[Opening Material provided section]
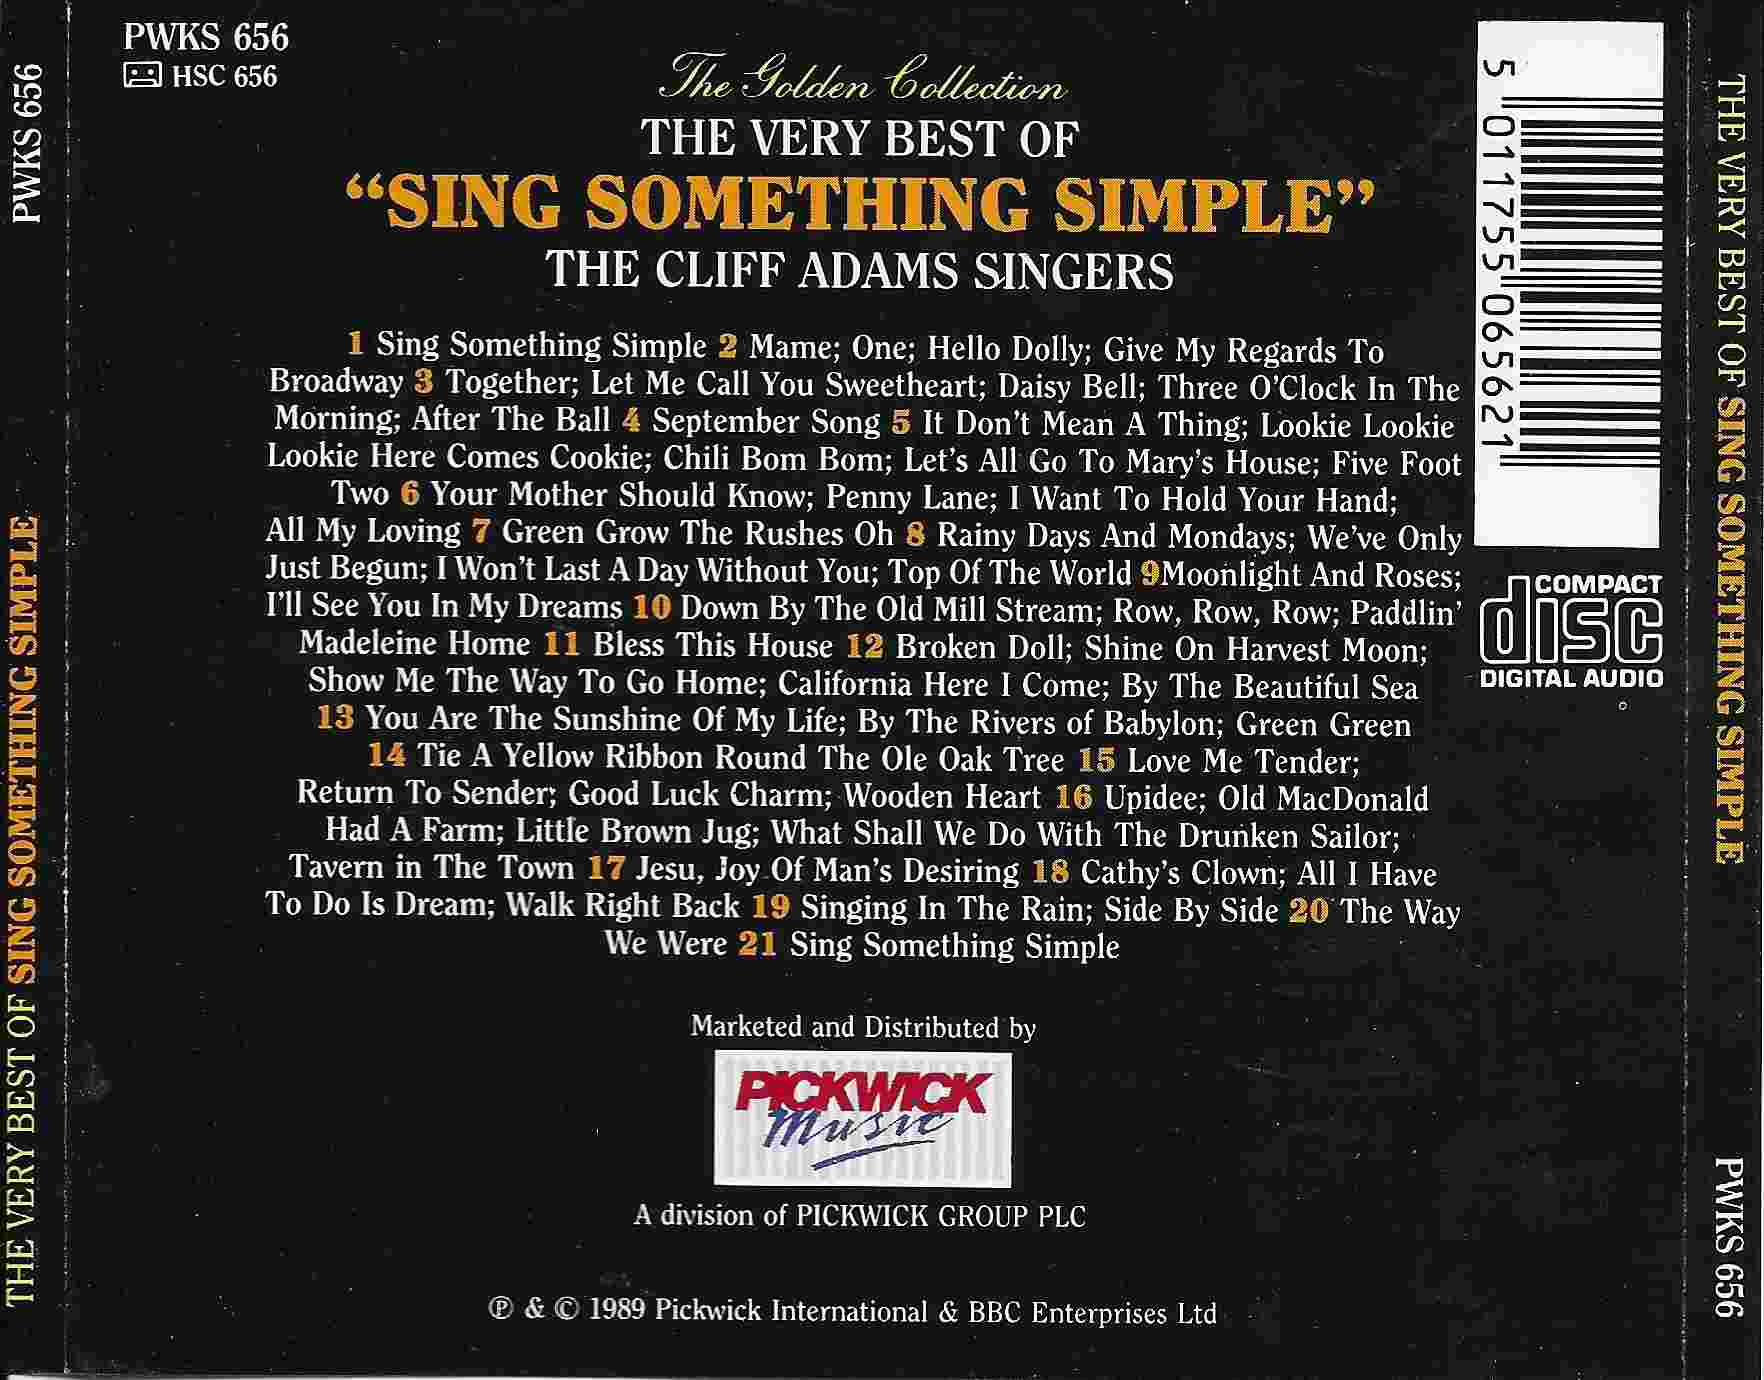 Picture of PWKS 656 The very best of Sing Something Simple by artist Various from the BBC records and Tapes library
[Closing Material provided section]
[Opening Material provided section]
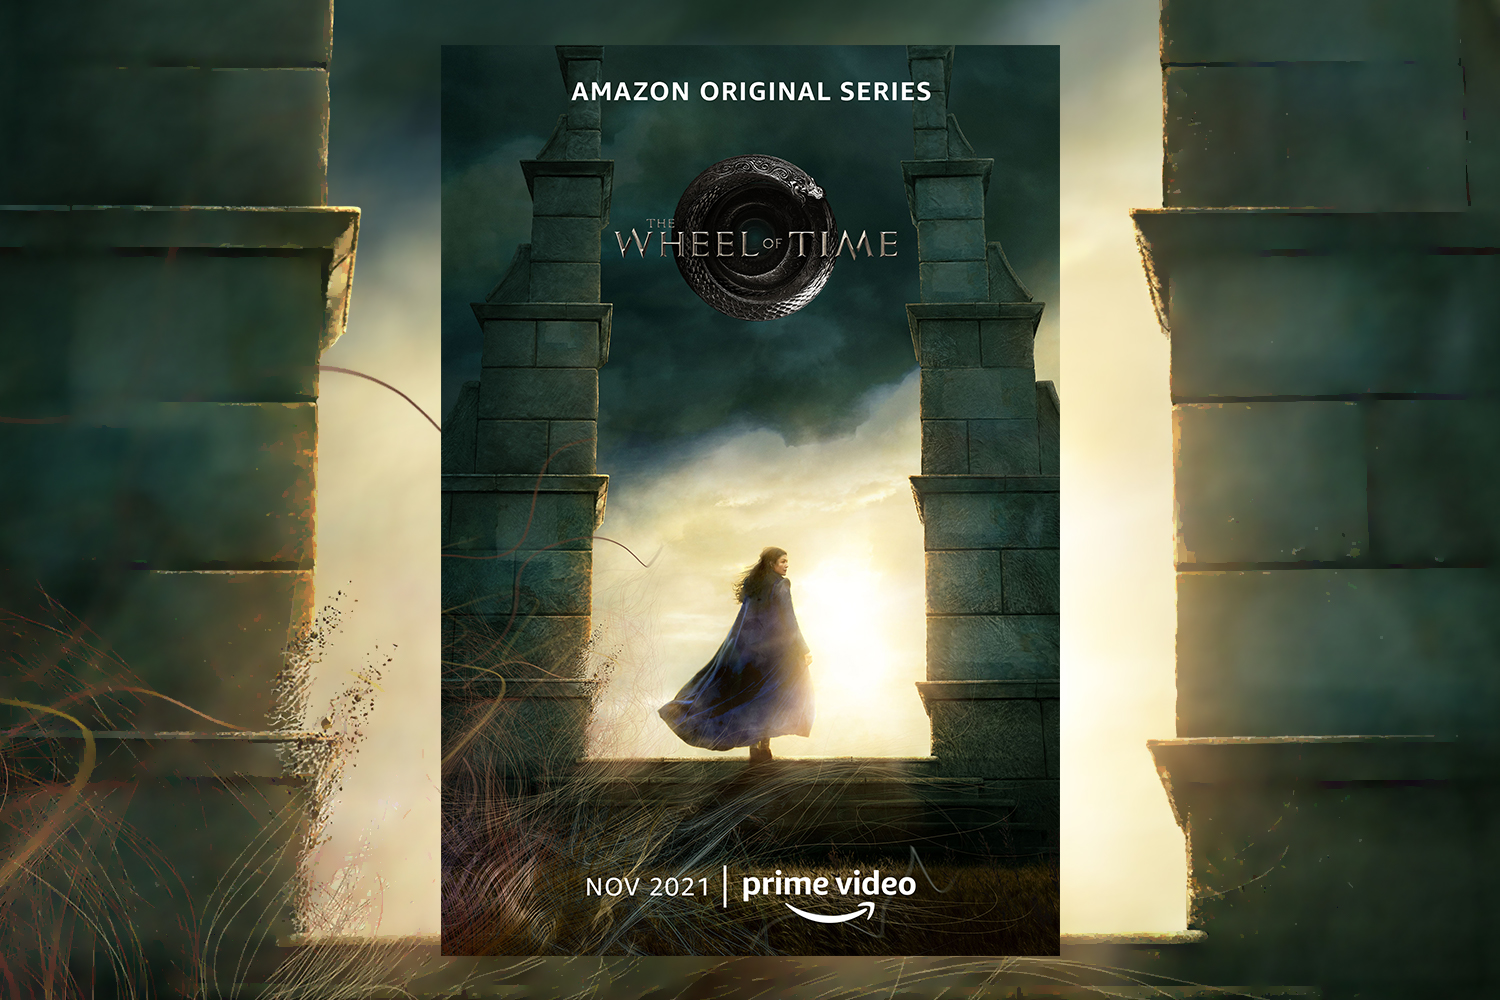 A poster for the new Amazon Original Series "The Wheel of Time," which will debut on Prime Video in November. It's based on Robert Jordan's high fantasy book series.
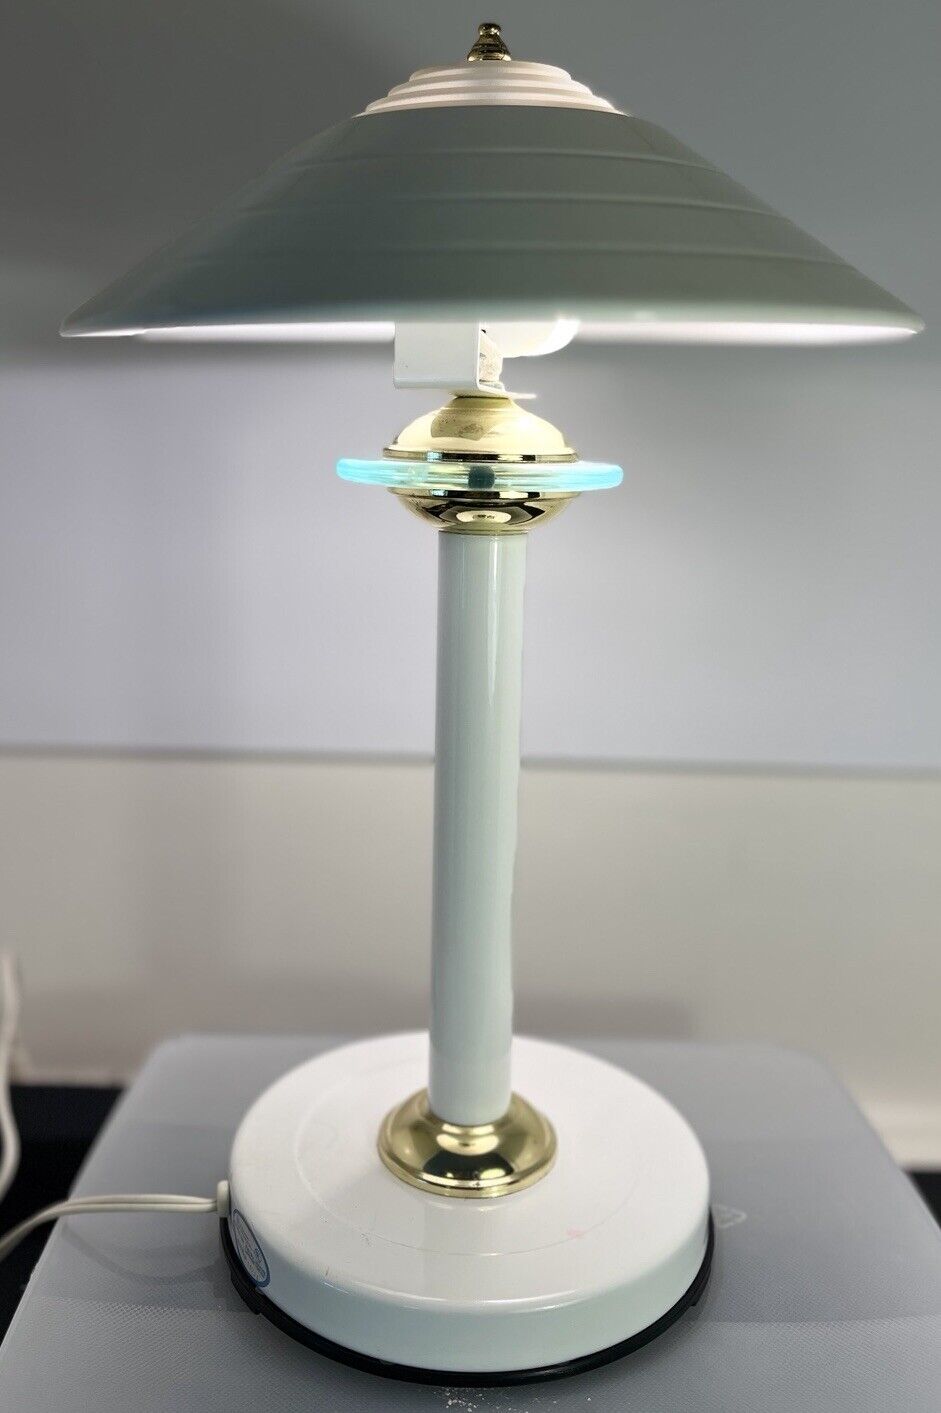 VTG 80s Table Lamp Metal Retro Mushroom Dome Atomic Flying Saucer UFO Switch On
[Closing Material provided section]
• [Work required] Using the entries above, transcribe every line from the line containing "A poster for" through the line containing "VTG 80s Table". Do not copy pictures.

• [Output of the exercise]
 A poster for the new Amazon Original Series "The Wheel of Time," which will debut on Prime Video in November. It's based on Robert Jordan's high fantasy book series.
 VTG 80s Table Lamp Metal Retro Mushroom Dome Atomic Flying Saucer UFO Switch On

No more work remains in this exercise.